### How to complete this task
Below this sentence is a listing; return exactly its lines from the one with "A group of people" to the one with "5 Critical Components", both kept, and nothing more.

### Data for this task
((

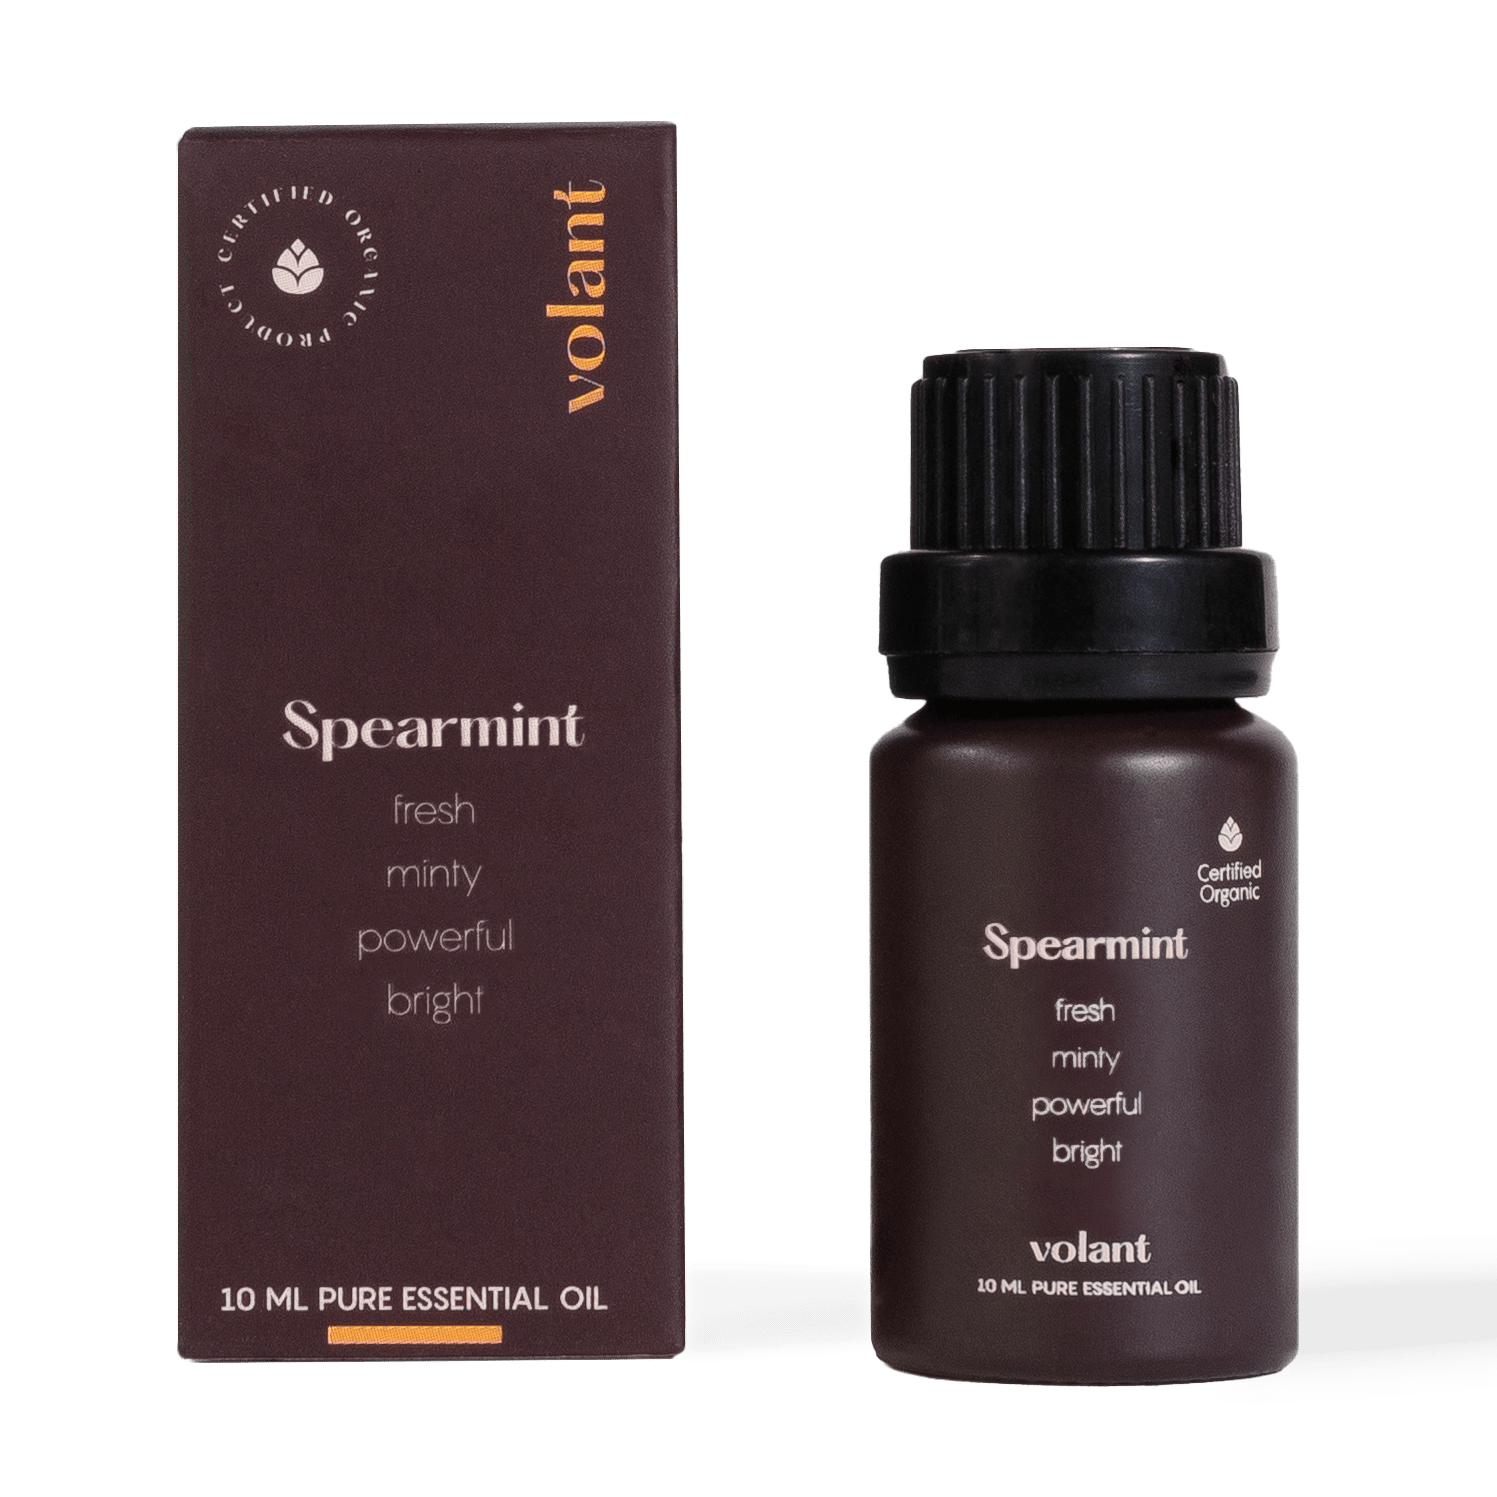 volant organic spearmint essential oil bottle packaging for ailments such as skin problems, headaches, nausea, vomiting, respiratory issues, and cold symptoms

))
((

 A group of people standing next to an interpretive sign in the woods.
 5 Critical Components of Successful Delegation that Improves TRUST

))
((

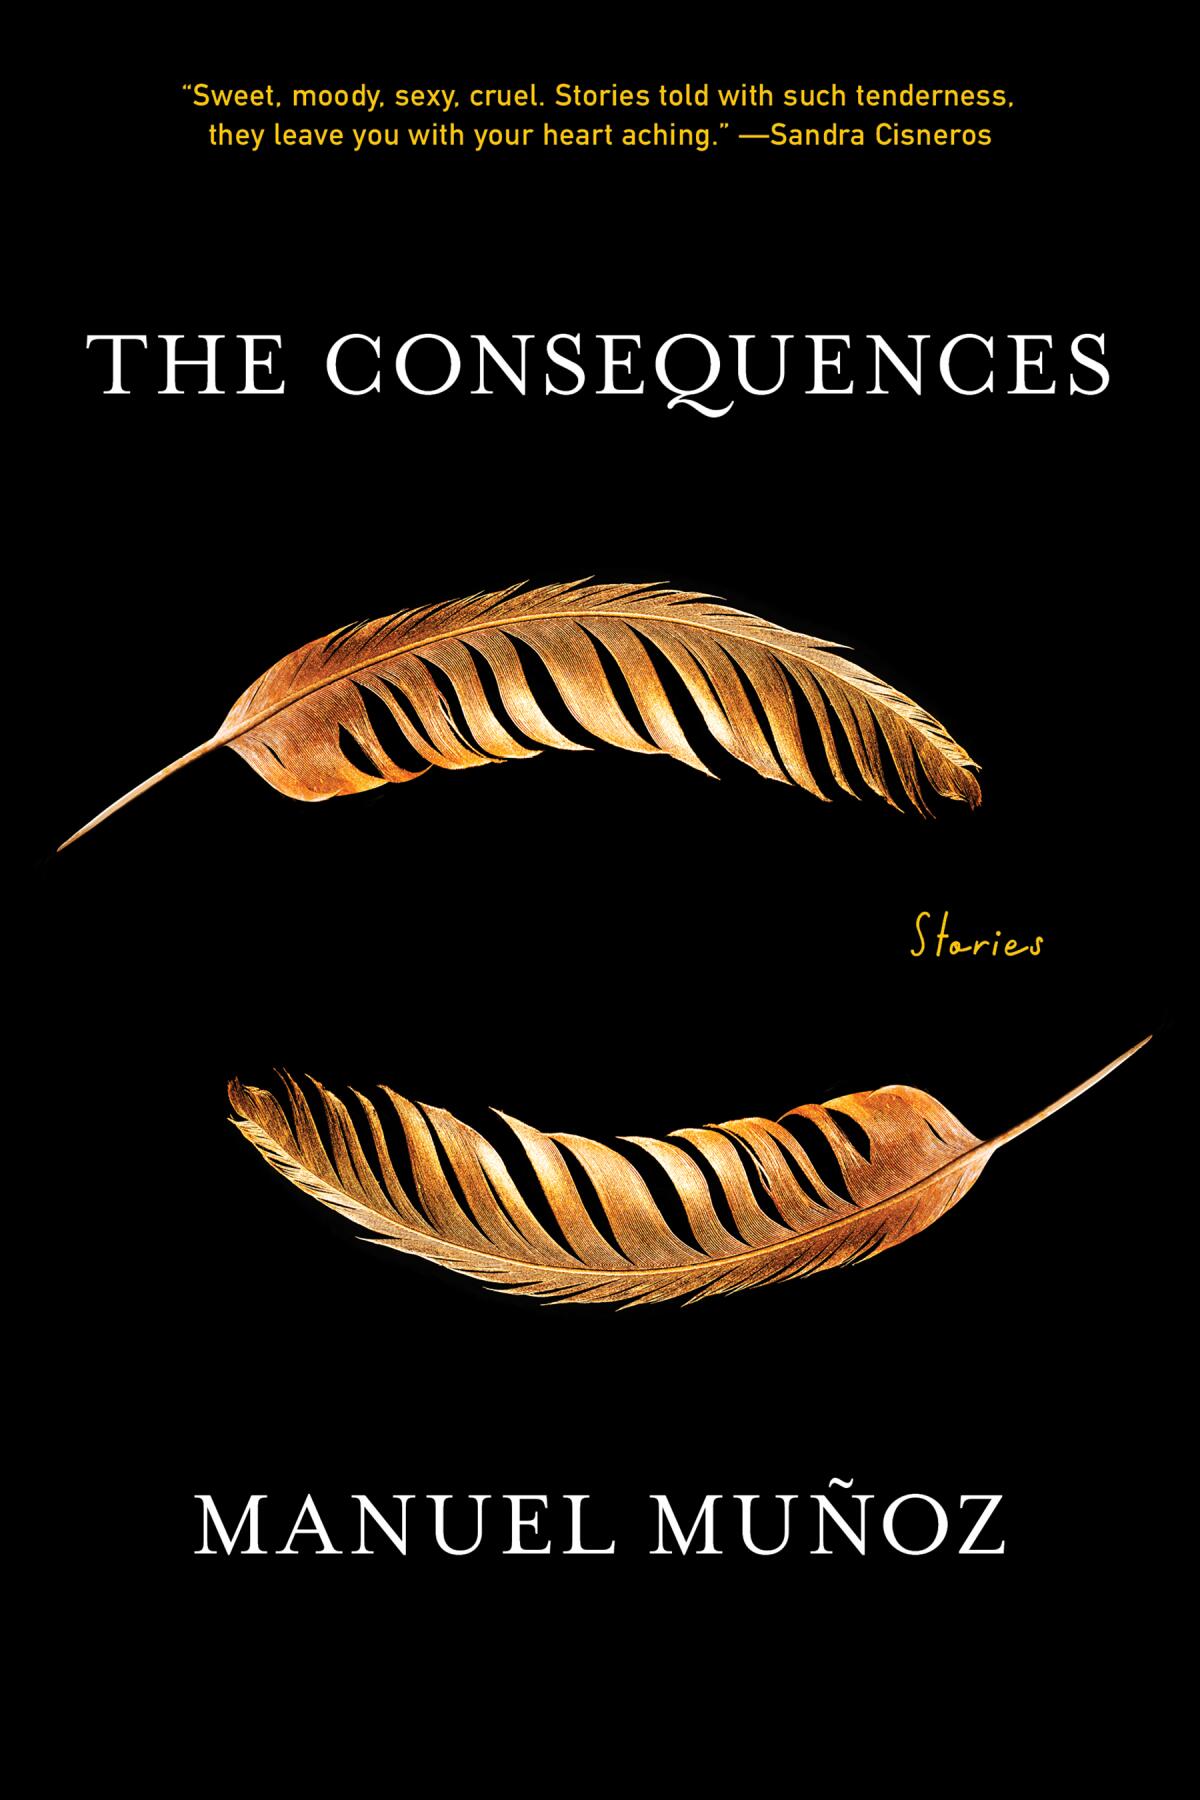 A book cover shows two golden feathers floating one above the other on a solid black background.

))

### Solution to the problem
 A group of people standing next to an interpretive sign in the woods.
 5 Critical Components of Successful Delegation that Improves TRUST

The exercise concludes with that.